Data >>

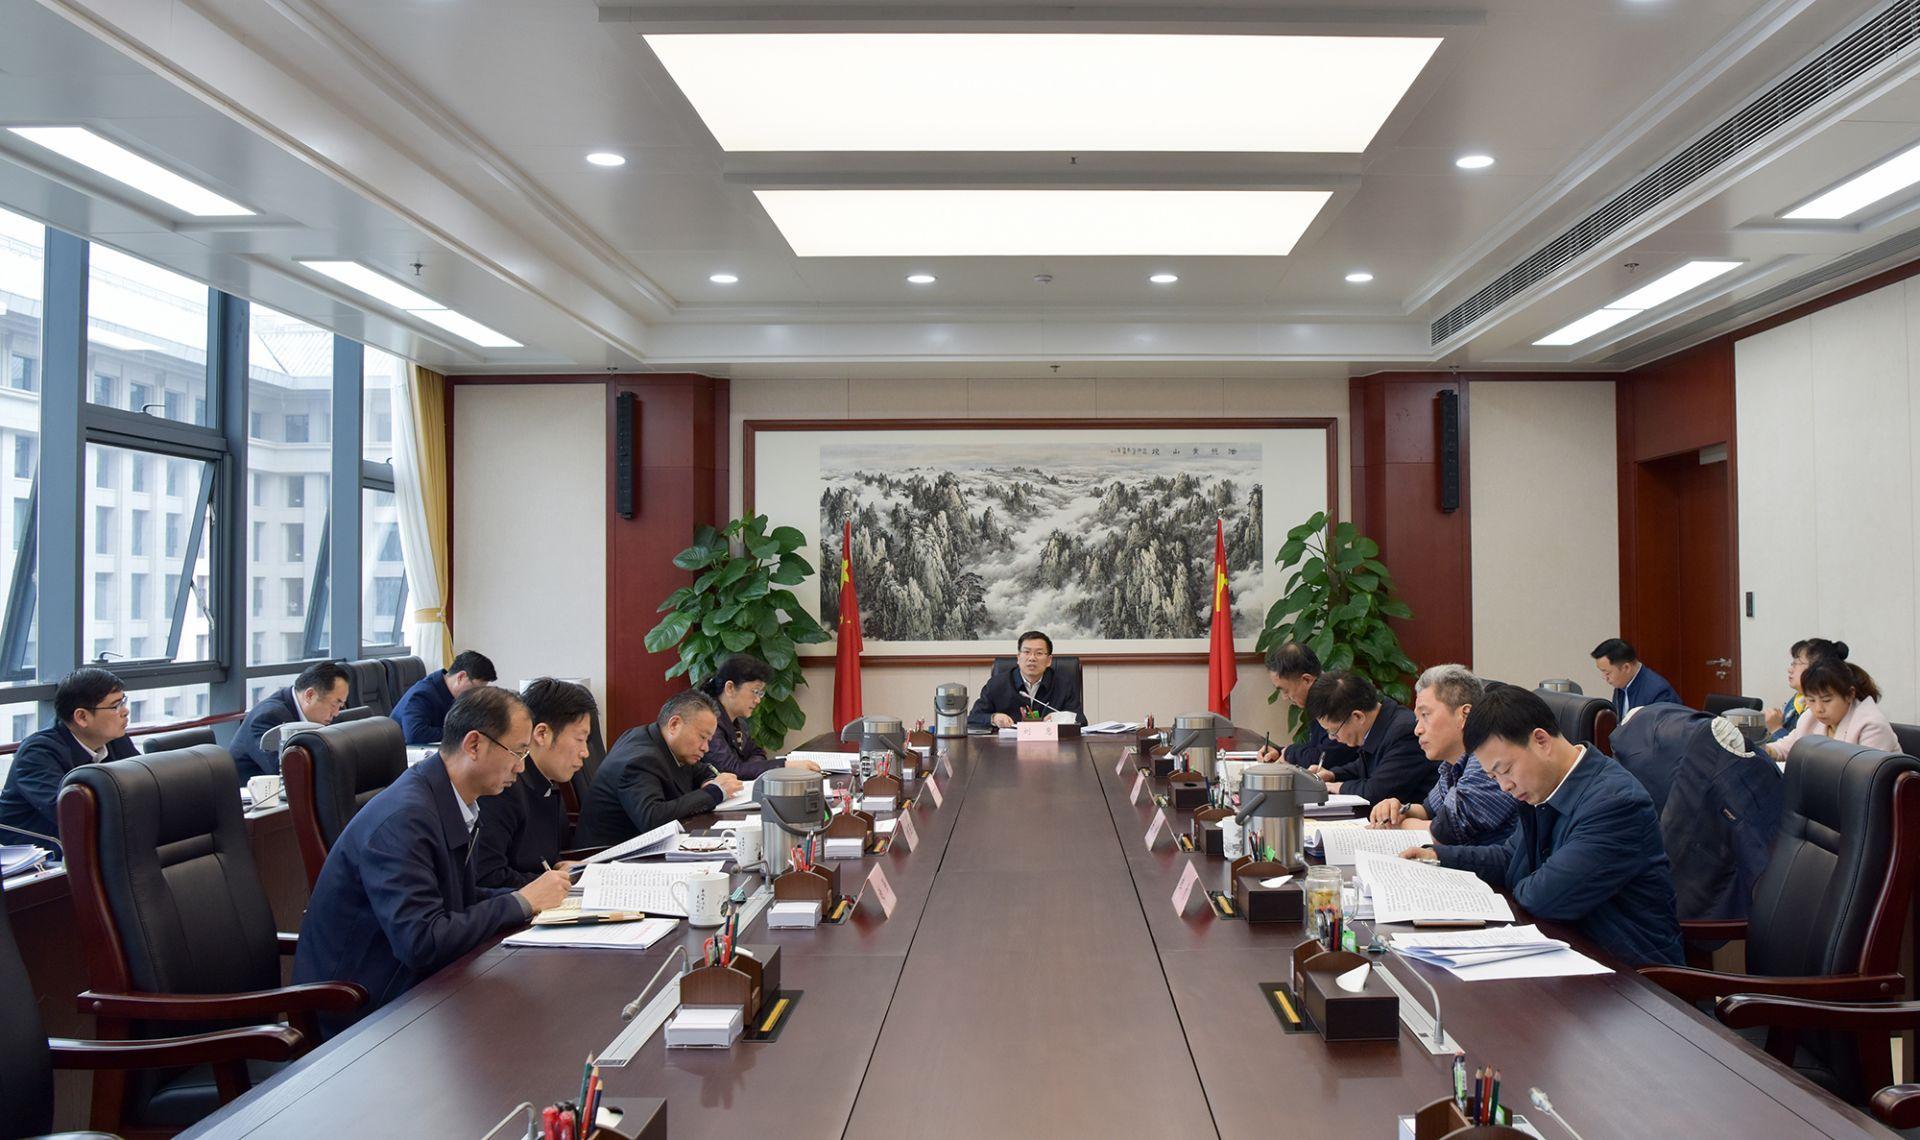 刘惠:提高政治站位 把扫黑除恶同反腐败结合起来
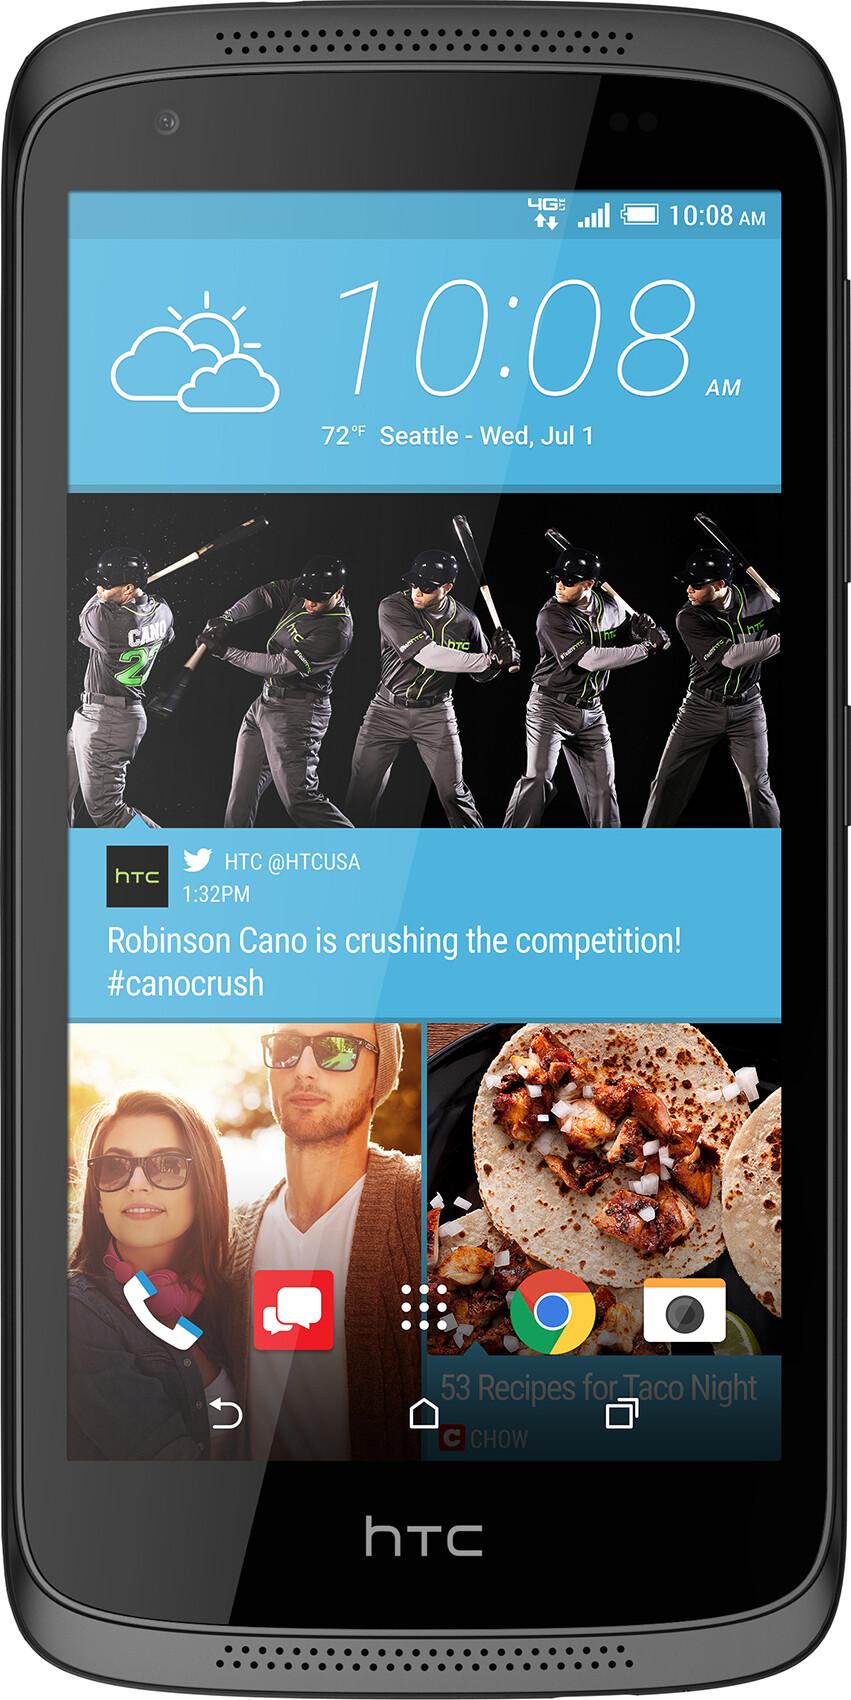 HTC Desire 526 vs Motorola Moto E4 vs LG Aristo 2 - Visual
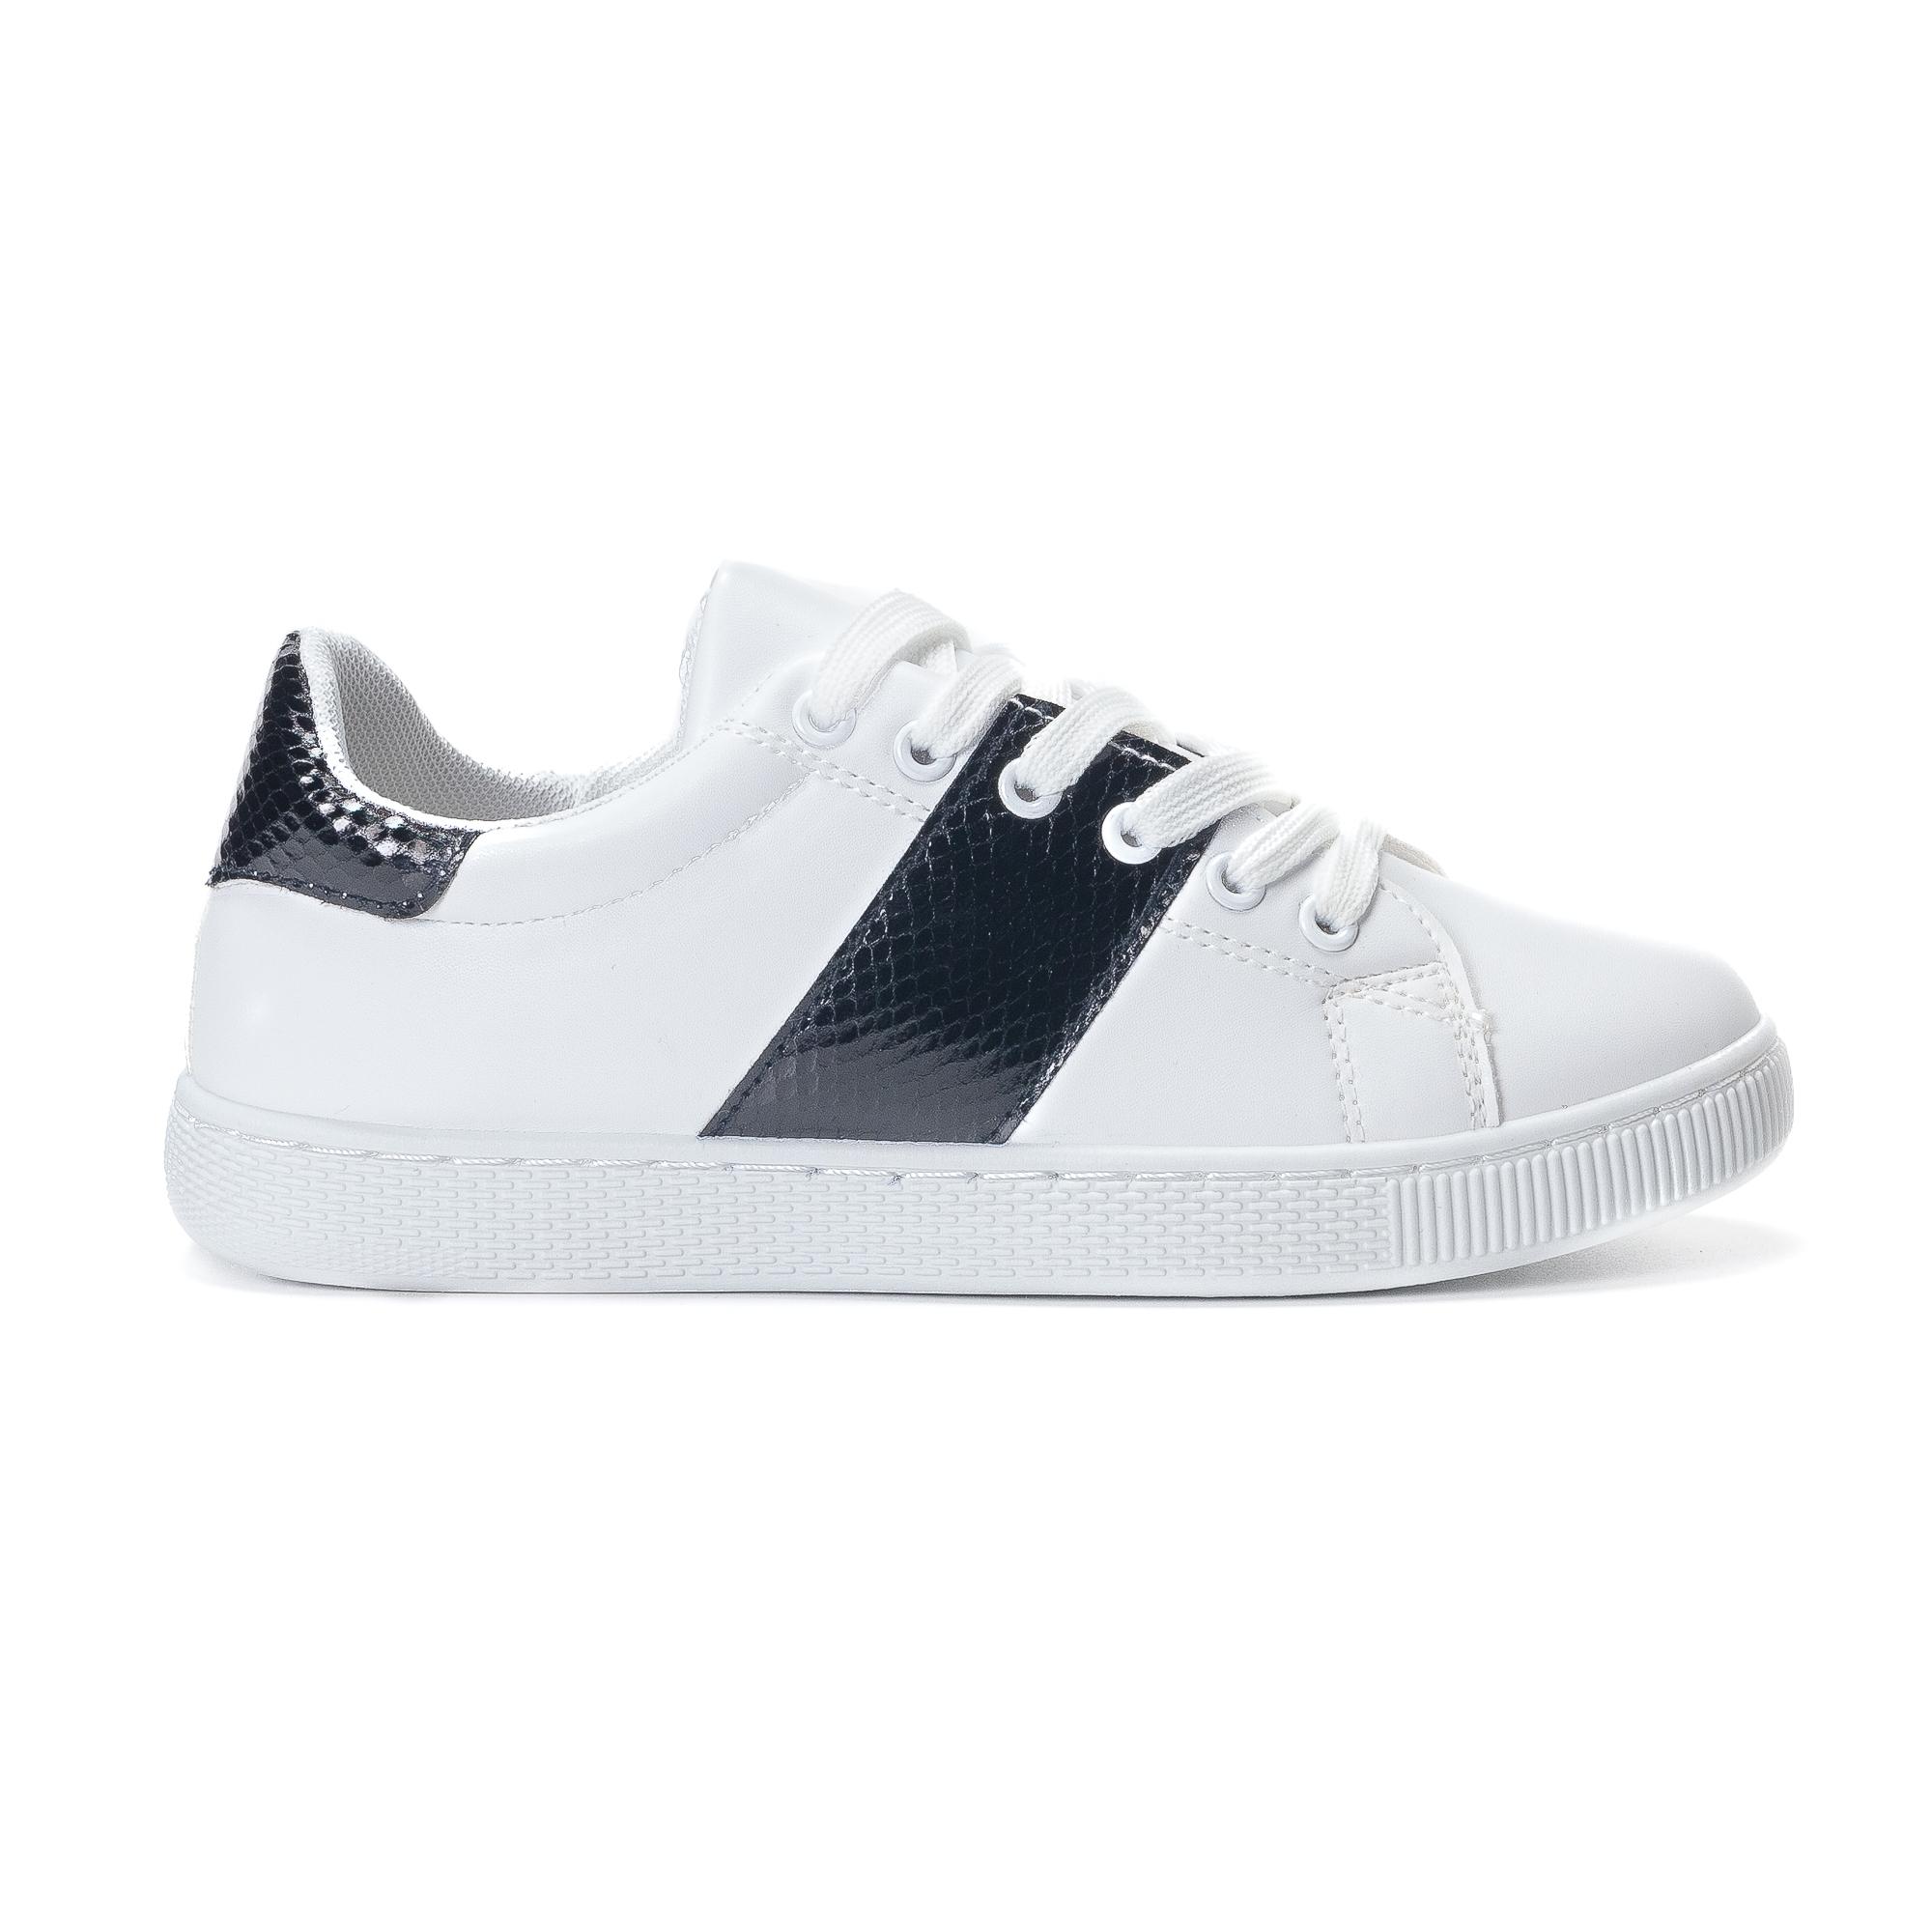 Γυναικεία λευκά sneakers από οικολογικό δέρμα με μαύρες λεπτομέρειες
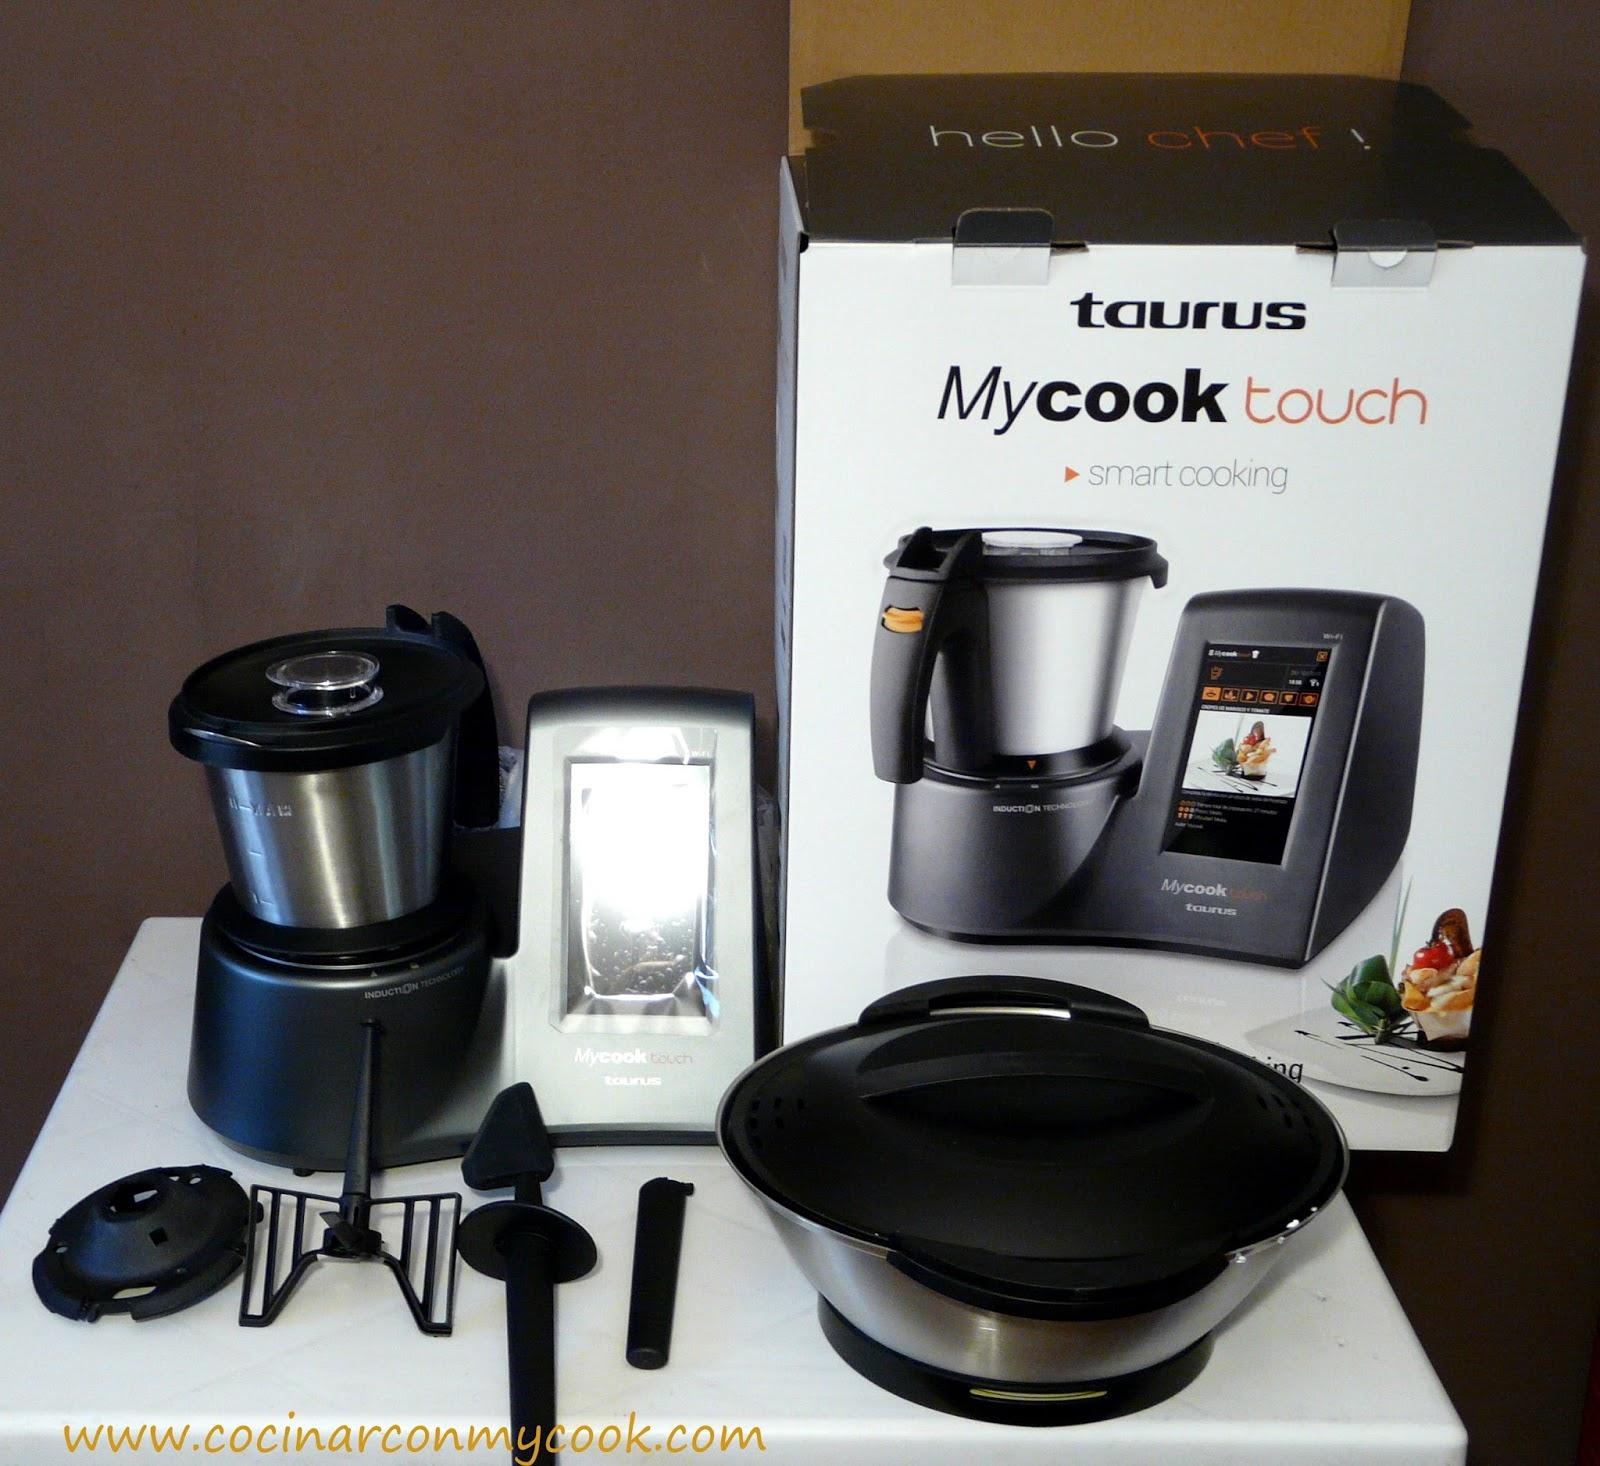 Cocinar con mycook diciembre 2015 - Cocinar con robot ...

Prompt >> Make an exact printout of the listing above, omitting the images.

Response area >>
 刘惠:提高政治站位 把扫黑除恶同反腐败结合起来
 HTC Desire 526 vs Motorola Moto E4 vs LG Aristo 2 - Visual
 Γυναικεία λευκά sneakers από οικολογικό δέρμα με μαύρες λεπτομέρειες
 Cocinar con mycook diciembre 2015 - Cocinar con robot ...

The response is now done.